Logging in as anonymous ... Logged in!
==> SYST ... done.    ==> PWD ... done.
==> TYPE I ... done.  ==> CWD (1) /pub/soft/moc/unstable ... done.
==> SIZE moc-r2872+ffmpeg_memleak-1.patch.gz ... 10930
==> PASV ... done.    ==> RETR moc-r2872+ffmpeg_memleak-1.patch.gz ... 
No such file `moc-r2872+ffmpeg_memleak-1.patch.gz'.

[John Fitzgerald]

Sorry, I forgot to make it world-readable. (That always trips me up.) Try again now.

[Michael Niedermayer]

is this unrelated to the non zero at EOF value ?

[John Fitzgerald]

Yes, it is unrelated. Wild seeking occurs in W64 only; 1MiB leak occurs for all tested formats. I did retest with the wild seeking circumvention and it made no difference to this problem.

[John Fitzgerald]

I have created a test rig for you which is available at:

​ftp://ftp.daper.net/pub/soft/moc/unstable/leak-test.c.gz

This test rig emulates the essential behaviour of MOC and triggers the problem on empty and corrupt files (but not on others).

Please read the comments at the start of the file on compiling and running.

In creating this test rig, FFmpeg's behaviour became clearer. Even though the read callback returns end of file (and assuming that zero represents that condition), FFmpeg continues making successive calls doubling the size of the buffer each time until the ~1MiB size is reached, after which it returns an error from avformat_open_input(). It is probably this buffer which is being leaked, even if avformat_close_input() and/or av_freep()s are called. When clean up is attempted (by calling those functions) a segfault is sometimes triggered.

ValGrind reports an invalid free in all cases, so FFmpeg is probably freeing the wrong block of storage.

All tests above used FFmpeg at e8a236ad.

[Carl Eugen Hoyos]

Could you use your test rig to provide useful valgrind output using a library with debug information?

[John Fitzgerald]

Yes you could, but I'm not sure it'd gain you much. By now I'd expect that you're looking for a loop which is doubling a buffer size and ignoring the return value of the read callback then failing to free the buffer. I'm sure you know your codebase well enough to have a fairly good idea of where to look.

[Hendrik]

For one thing, if you allocate your own custom AVIO context, you also need to free it with avio_close(p), avformat_close_input is not going to do it for you (since you allocated it, and thus manage it).

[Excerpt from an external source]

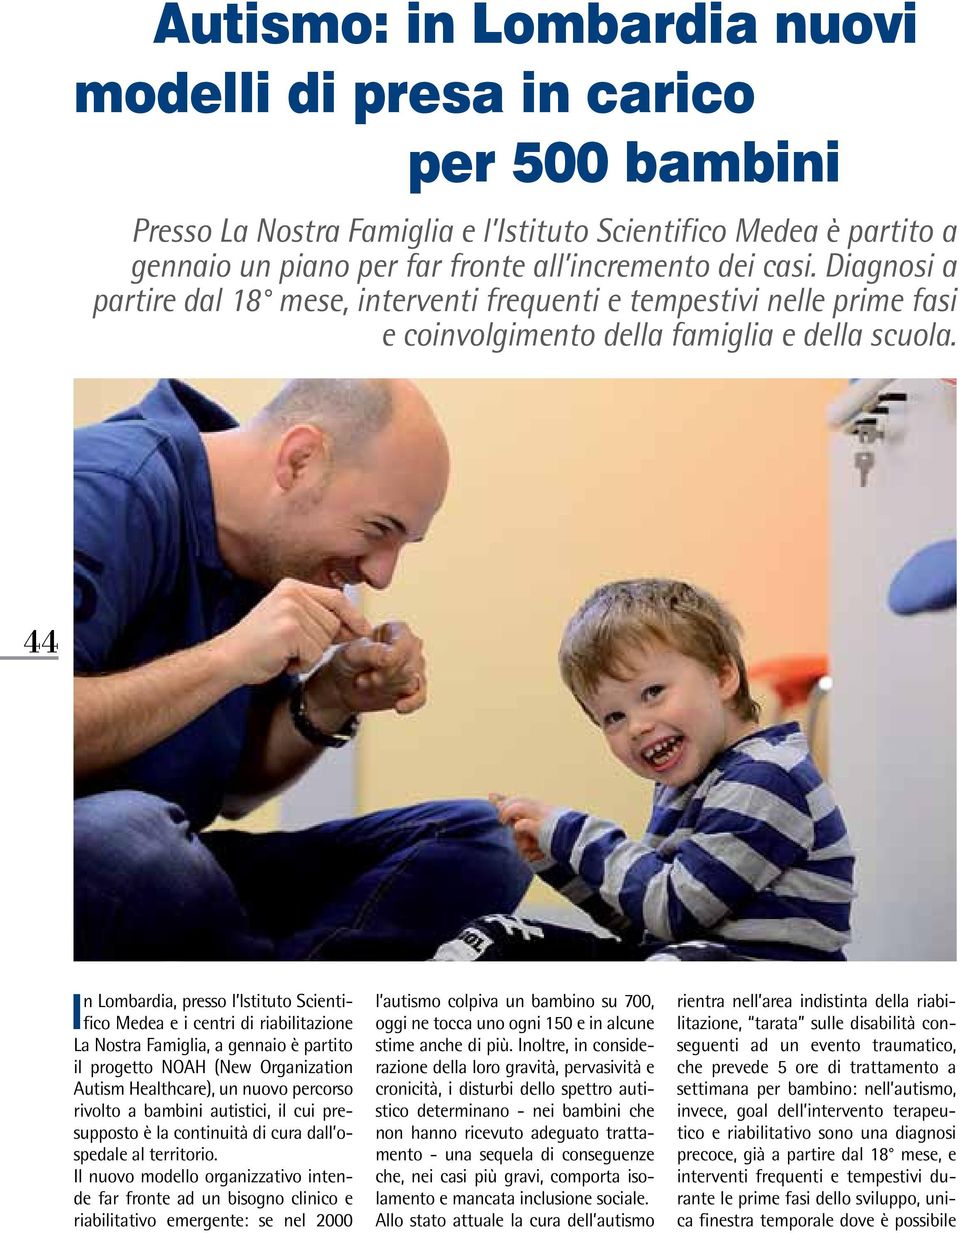 44 In Lombardia, presso l Istituto Scientifico Medea e i centri di riabilitazione La Nostra Famiglia, a gennaio è partito il progetto NOAH (New Organization Autism Healthcare), un nuovo percorso

Otherwise, unless you can provide proper valgrind output with backtraces where these buffers are allocated, you really should not expect us to go digging for any possible fault somewhere. If it would be a common problem, it would've shown up before.

[John Fitzgerald]

For one thing, if you allocate your own custom AVIO context, you also need to free it with avio_close(p), avformat_close_input is not going to do it for you (since you allocated it, and thus manage it).

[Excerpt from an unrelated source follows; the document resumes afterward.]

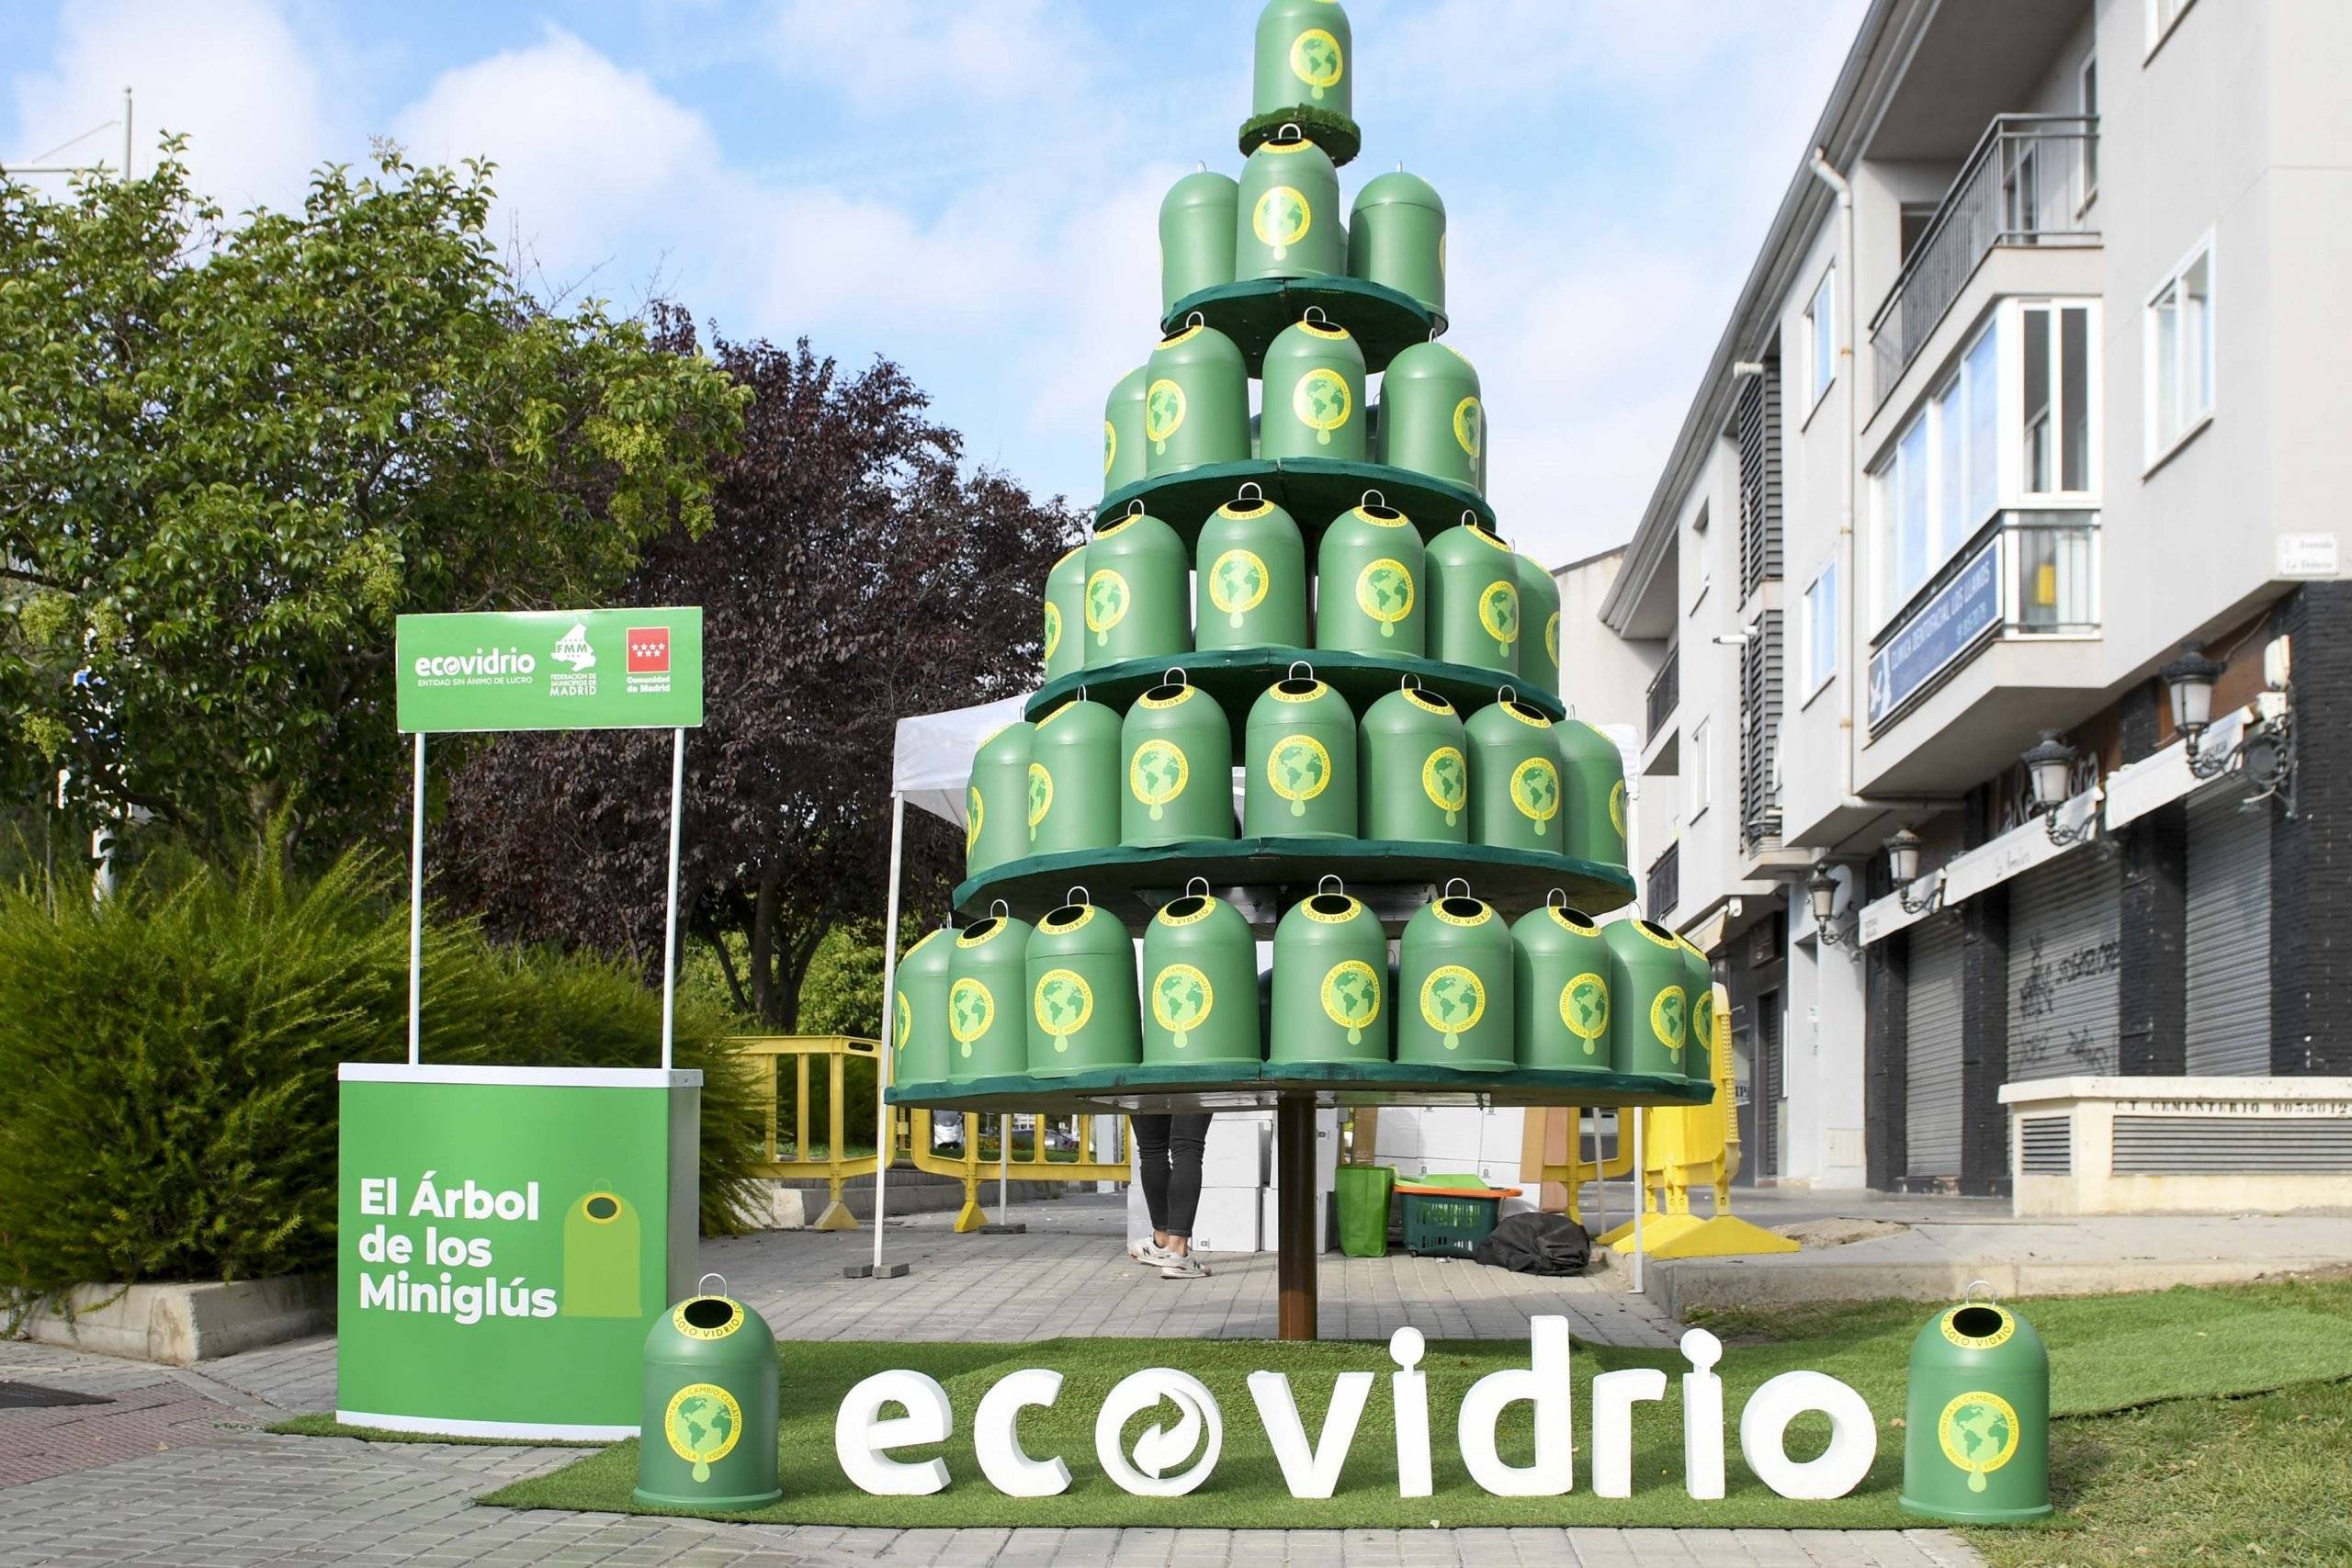 Imagen del stand de Ecovidrio.

I obviously misinterpreted the avio_close() comment:

"This function can only be used if s was opened by avio_open()."

as meaning that avio_close() can only be used if s was opened by avio_open().

Otherwise, unless you can provide proper valgrind output with backtraces where these buffers are allocated, you really should not expect us to go digging for any possible fault somewhere.

Oh, okay then. I'm sorry I didn't provide enough information above.

If it would be a common problem, it would've shown up before.

Yeah, I do have a reputation for finding bugs no one else has spotted.

[John Fitzgerald]

I have now commited the latest MOC patchset which includes a circumvention for this FFmpeg bug and it no longer impacts upon MOC. I will leave it in your hands to pursue it or close it as you wish.